Take a look at the Recruiting website and the minimum education required for each trade you might be interested in...example...http://www.forces.ca/en/job/aerospacetelecommunicationinformationsystemstechnician-18?olvPlayer=0s&module=cue_18_1#re

Required Education 
The minimum required education to apply for this position is the completion of the provincial requirements for Grade 10 or Secondaire IV in Quebec with Grade 10 Academic Math or Math 246 in Quebec. Foreign education may be accepted.

Then take into consideration the difference between 'meeting the minimum requirements' and 'being a competitive applicant'.

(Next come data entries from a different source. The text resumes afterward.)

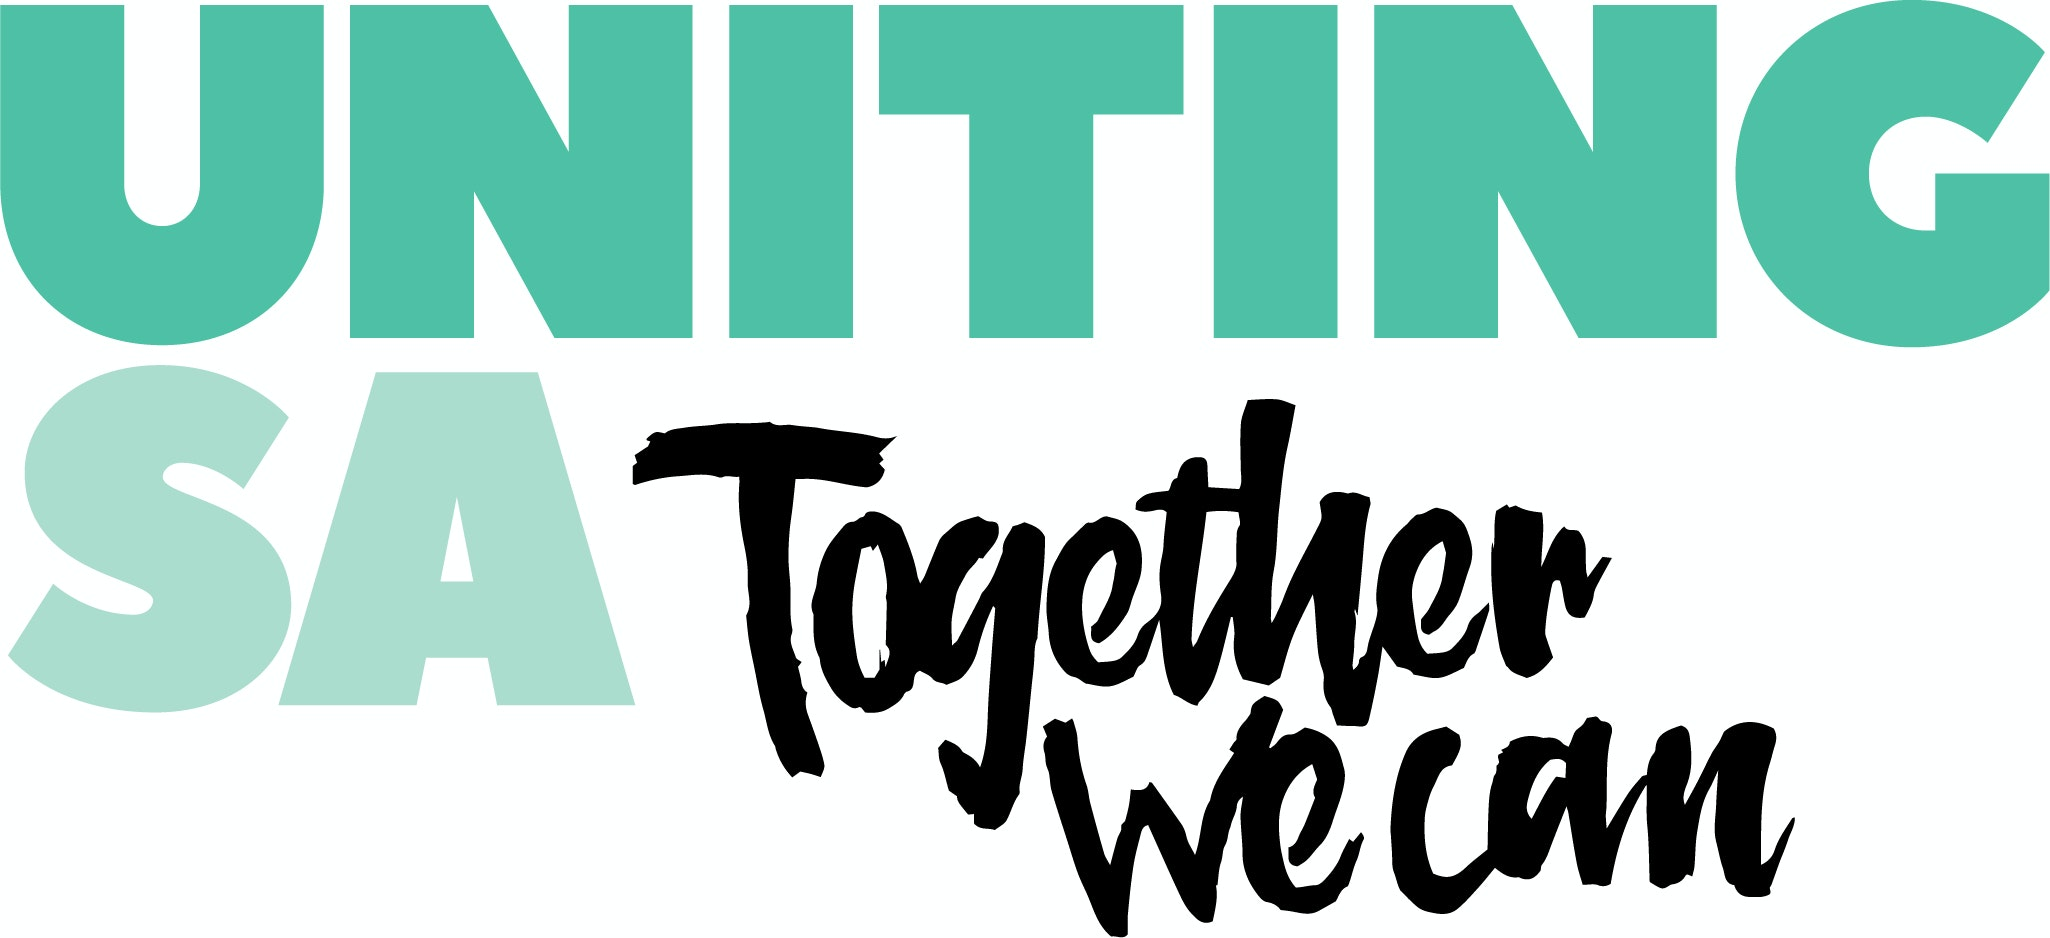 UnitingSA Ethnic Link Services logo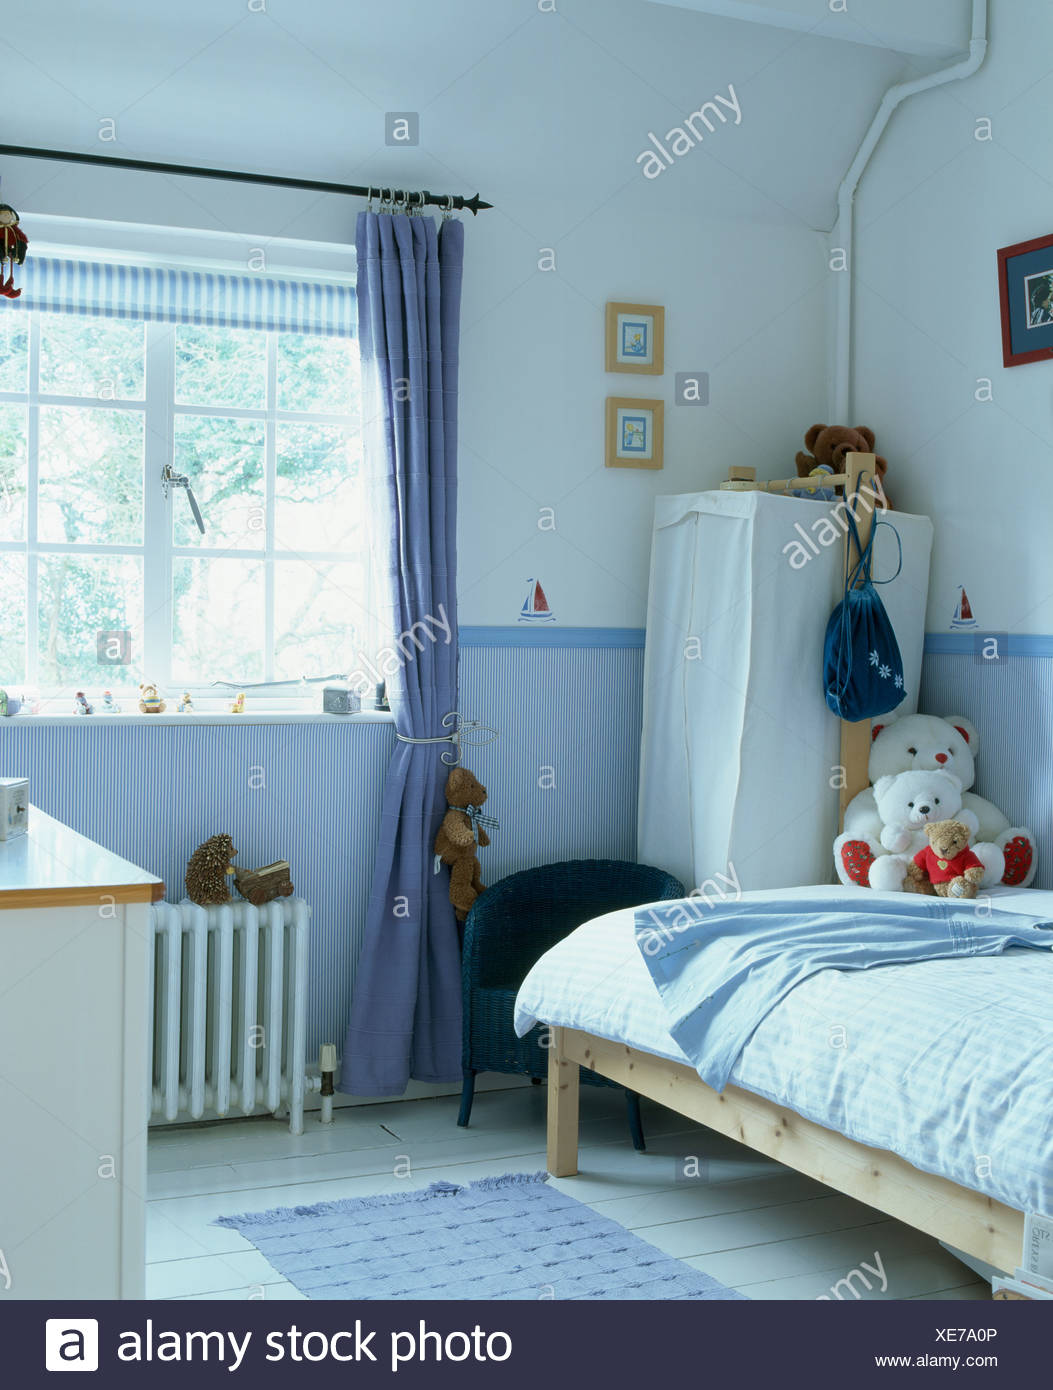 Childrens Bedroom Storage Stock Photos & Childrens Bedroom ...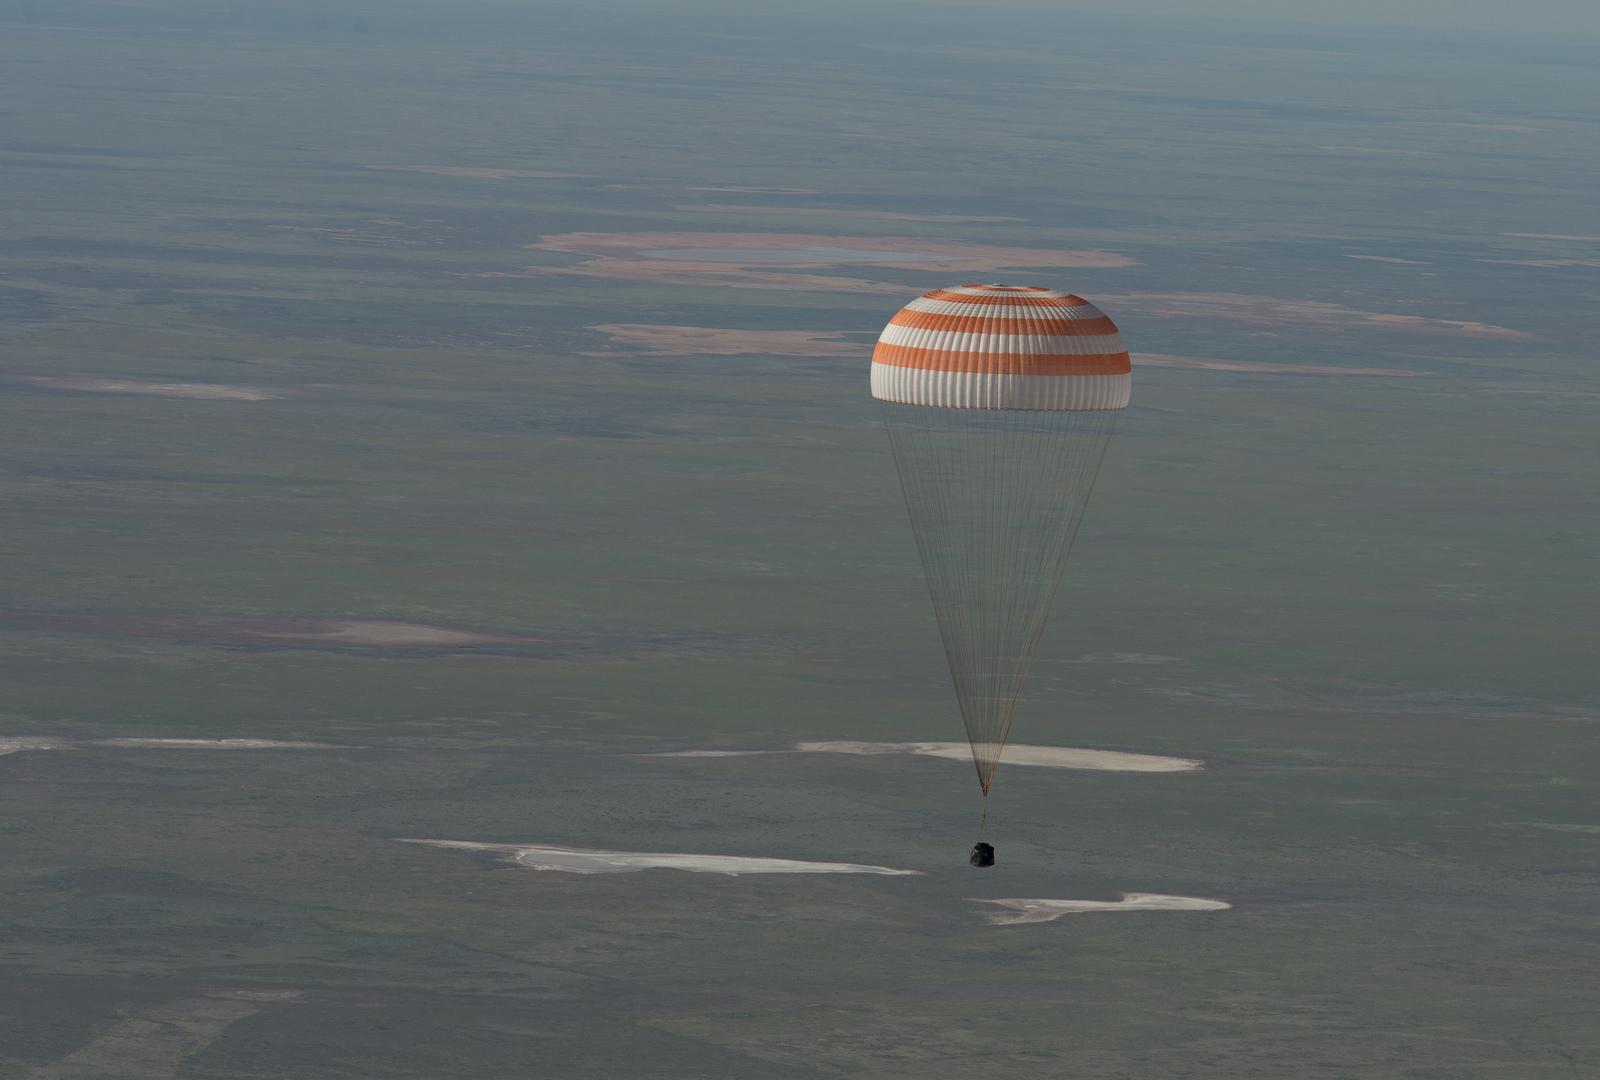 russian spacecraft landing - photo #36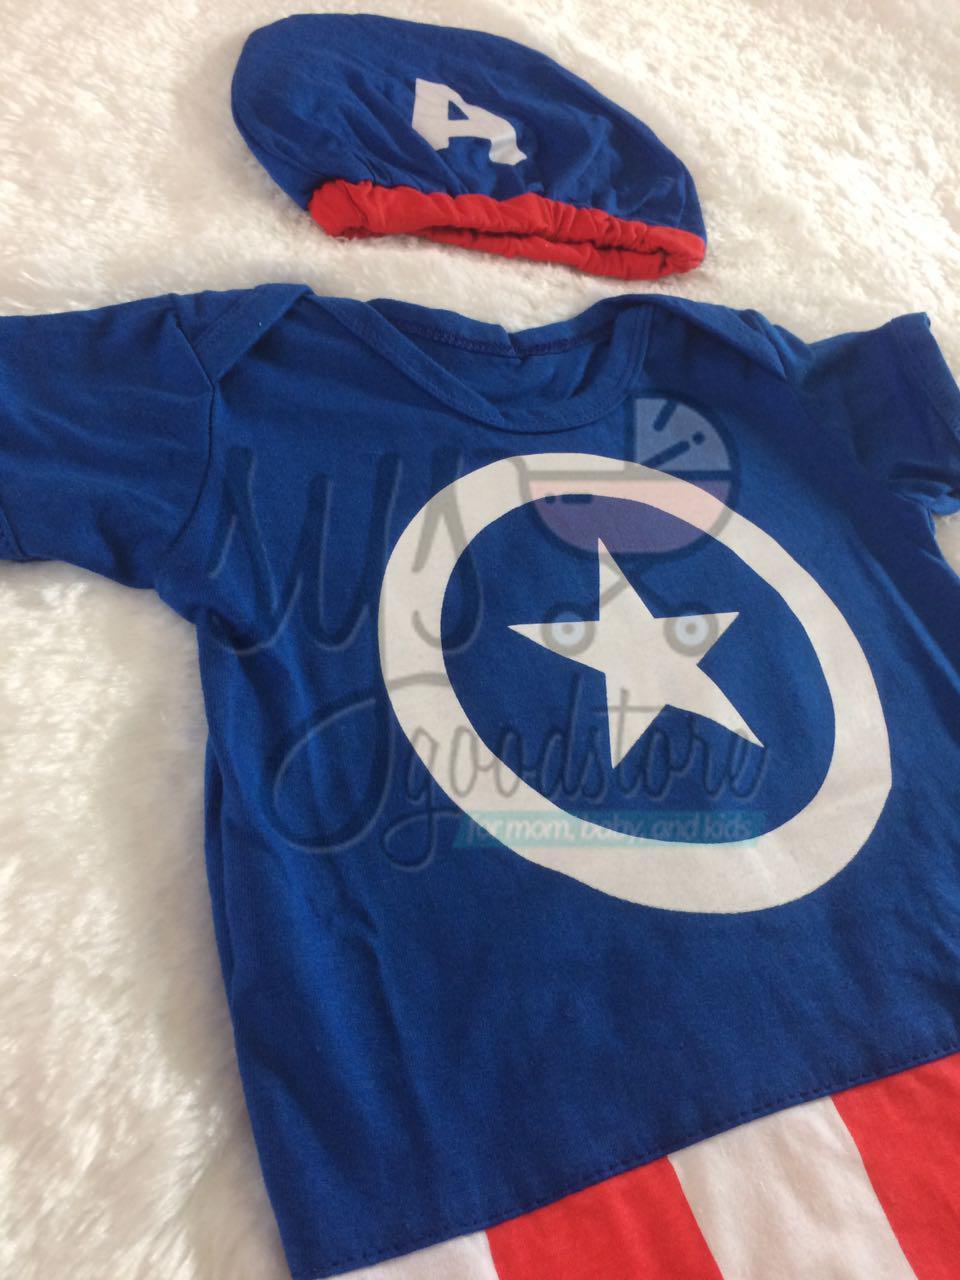 Fitur Sysgoodstore Jumper Bayi Captain America New Version Good Baju Karakter Detail Gambar Quality Laki

I dropped out of highschool, got my GED a few years later and then did 3 years of college including a post-graduate diploma in Information Systems.  My trade before my current one (AES Op) was...ATIS Tech; before that I was combat arms.  

You'll never score if you don't shoot the puck.   :2c:


----------



## thematrixiam (12 Oct 2016)

Hey guys, new here.

Just wrote my CFAT and was told I got a good score and could work in any of the NCM Jobs. I do also have a degree, meaning I could get in as an officer as well. 

My choices were:
Resource Management
Intelligence Operator
Refrigeration Tech

However, Intelligence Operator is closed. Intelligence Officer is also closed.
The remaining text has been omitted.